Survey questions are defined in `config/questions.yaml` (committed to the repo). Add, remove, or reorder sections and items — the UI rebuilds automatically. `key` is what gets saved in `metadata.json`; `default` selects the pre-checked option (omit or set to `null` to leave unselected).
`config/optical_flow_config.yaml` controls the **Auto Segment** button. When pressed, the tool computes a segmentation mask from the loaded frames and replaces the current mask (undoable). The segmentation combines two criteria:
- **Optical flow magnitude** — pixels where the temporal median of frame-to-frame flow (scaled by FPS) exceeds a fraction of the maximum are considered moving.
`config/clips.txt` lists bare clip filenames (not full paths) to annotate, one per line — the tool prepends `data_dir` automatically. Each entry must be the exact filename of the ZIP archive as it appears in `data_dir` (e.g. `clip_20230501T120000.zip`). Lines starting with `#` are ignored. Clips are processed in order; a clip is considered already-annotated when `<out_dir>/<clip_stem>/mask.png` exists and is skipped automatically. Pass `--no-skip` to include already-annotated clips. When the last clip is reached, a dialog appears and the app exits.
To distribute clips across multiple annotators, create one clips file per annotator (e.g. `config/annotator_A.txt`) listing their assigned clip filenames, then pass it via `--clips`:
Assigning non-overlapping clip lists lets each annotator work independently. Intentionally overlapping a subset of clips across annotators enables inter-annotator agreement checks.
The window is split into two panels: the **video canvas** on the left (~70% of the width) and the **survey panel** on the right. The video auto-plays as a looping preview. Drawing tools and mask controls are arranged above and beside the canvas; navigation buttons (**Previous / Next / Skip**) sit at the top.
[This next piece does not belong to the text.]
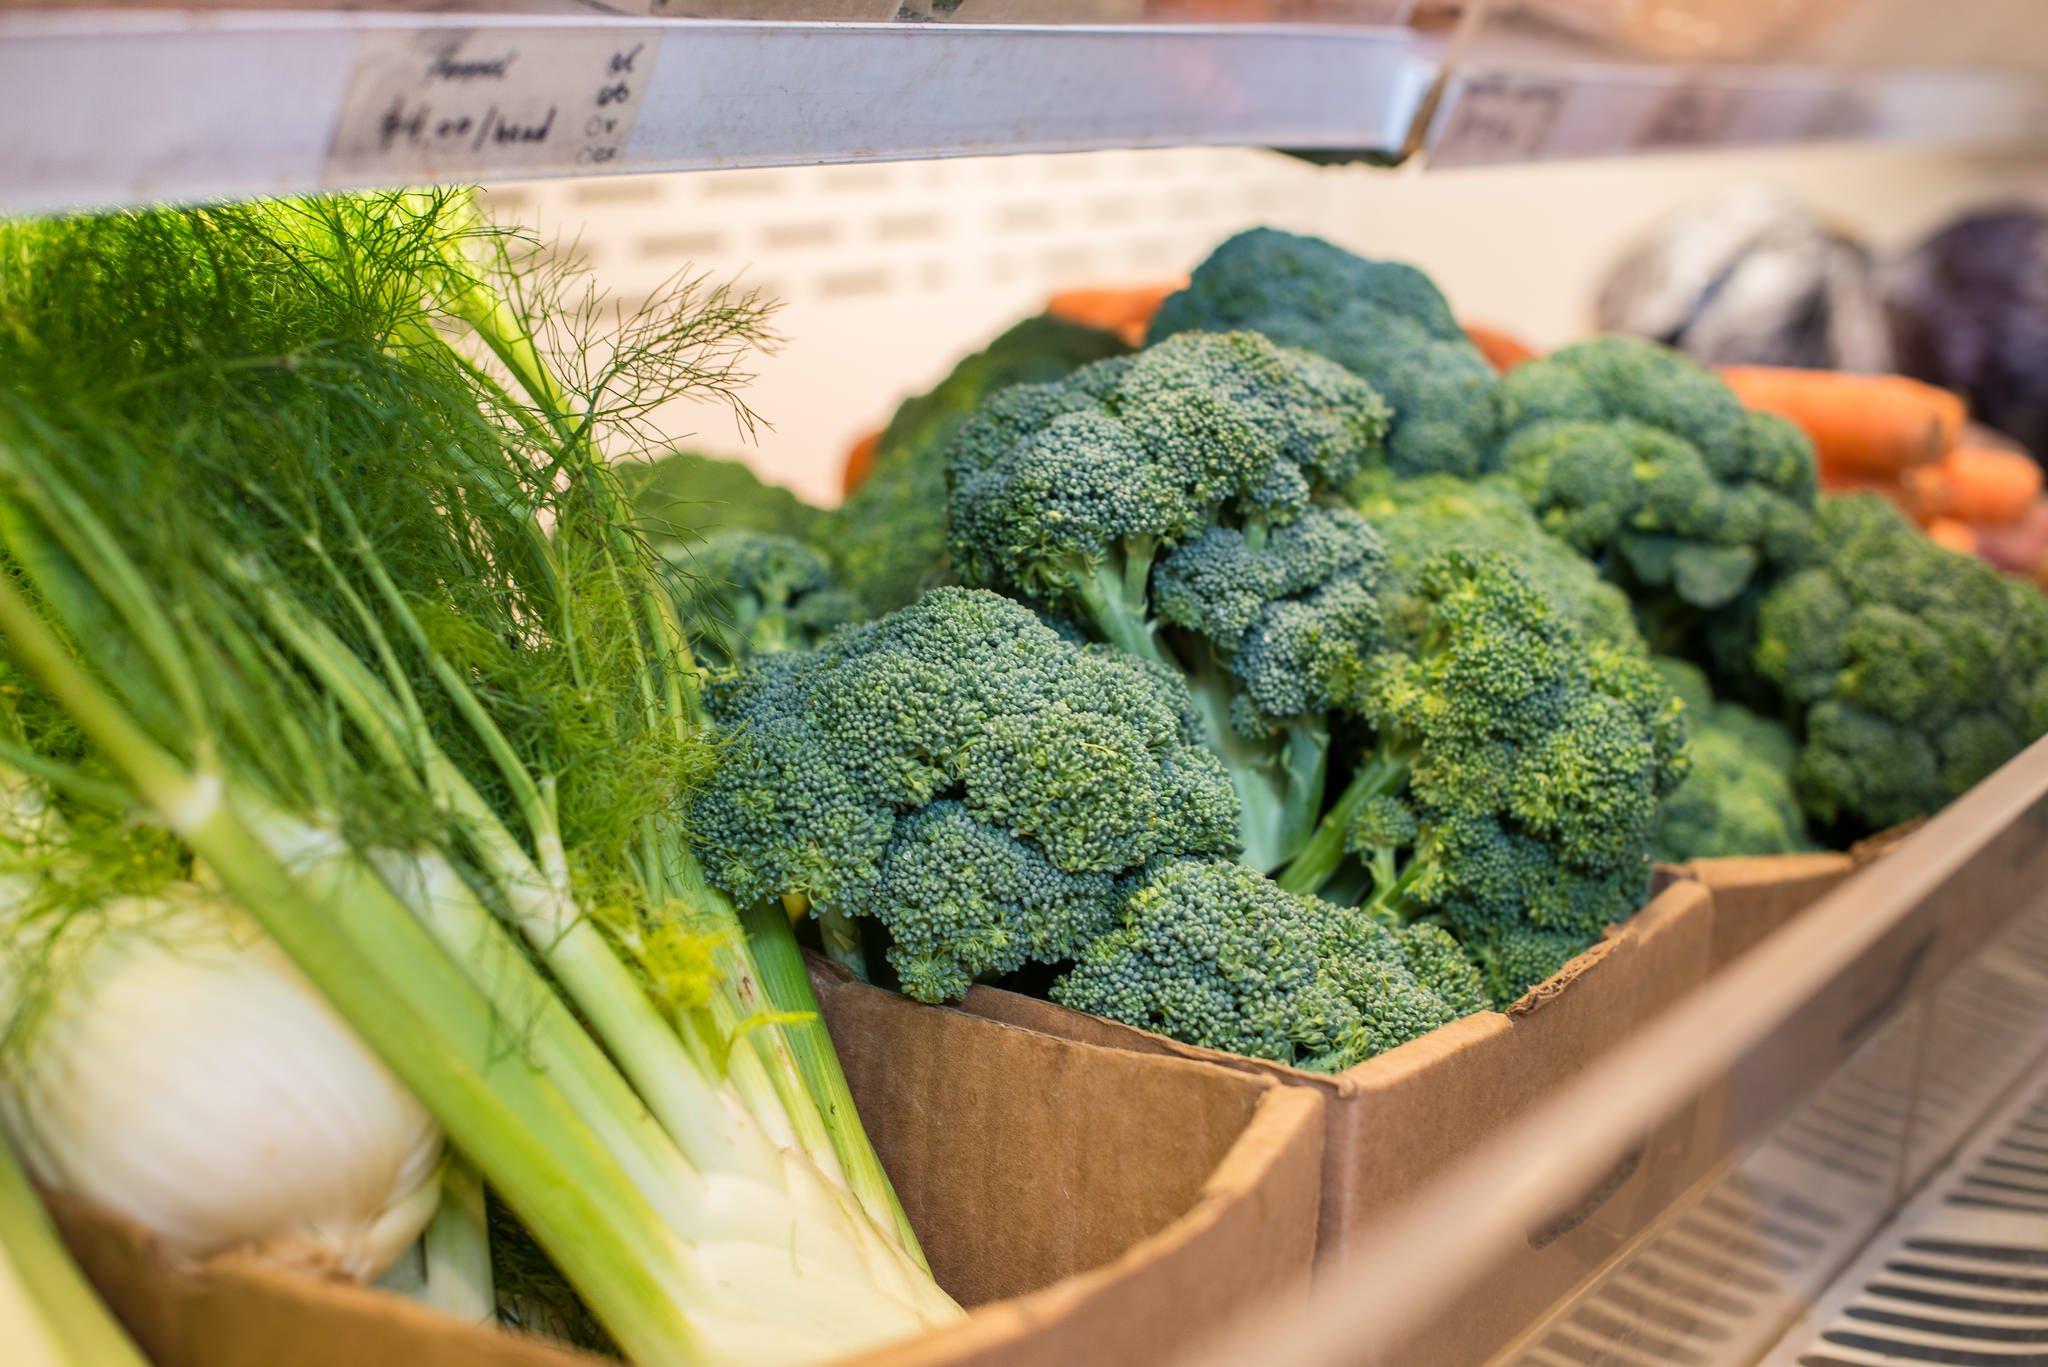 usda_broccoli_fennel.jpg

| Optical flow first guess | **Auto Segment** — replaces the current mask with an automatic segmentation based on motion and brightness; undoable. Disabled when `enabled: false` in `config/optical_flow_config.yaml`. |
| Save and continue | **Next** — saves current clip and loads the next one. If the clip already has a saved annotation a dialog asks whether to replace it or keep the existing save. |
| Go back | **Previous** — saves current clip and returns to the previously viewed clip. Disabled on the first clip. |
| Skip without saving | **Skip** — discards any unsaved changes and loads the next clip without writing anything to disk. |
Each clip is a ZIP archive containing a video file. The video inside the archive must be named `left.mp4` by default; if your archives use a different internal name, set `filenames.video_in_zip` in `config.yaml`. The ZIP filename becomes the output folder name (e.g. `clip_20230501T120000.zip` → `<out_dir>/clip_20230501T120000/`).
Up to `max_frames` frames are extracted from the video and scaled so the longest side is `display_max` px. This display-resolution copy is what the annotator works on; the full-resolution dimensions are remembered separately so the saved mask is upscaled back to the original size on export.
The mask is a binary array at display resolution. **Brush** strokes stamp a filled circle (draw or erase). **Polygon** shapes are stored as overlays and don't touch the mask until a **Fill** click rasterises them — the innermost polygon containing the click is filled, and any polygon whose centroid falls inside it is punched out as a hole.
Every mask-changing operation is pushed onto an undo stack before it executes. On save, the mask is upscaled to the original video resolution and written as an 8-bit PNG (0 or 255).
When a clip is loaded that already has a saved `mask.png` and `metadata.json`, the mask is restored at display resolution and the survey answers are pre-filled.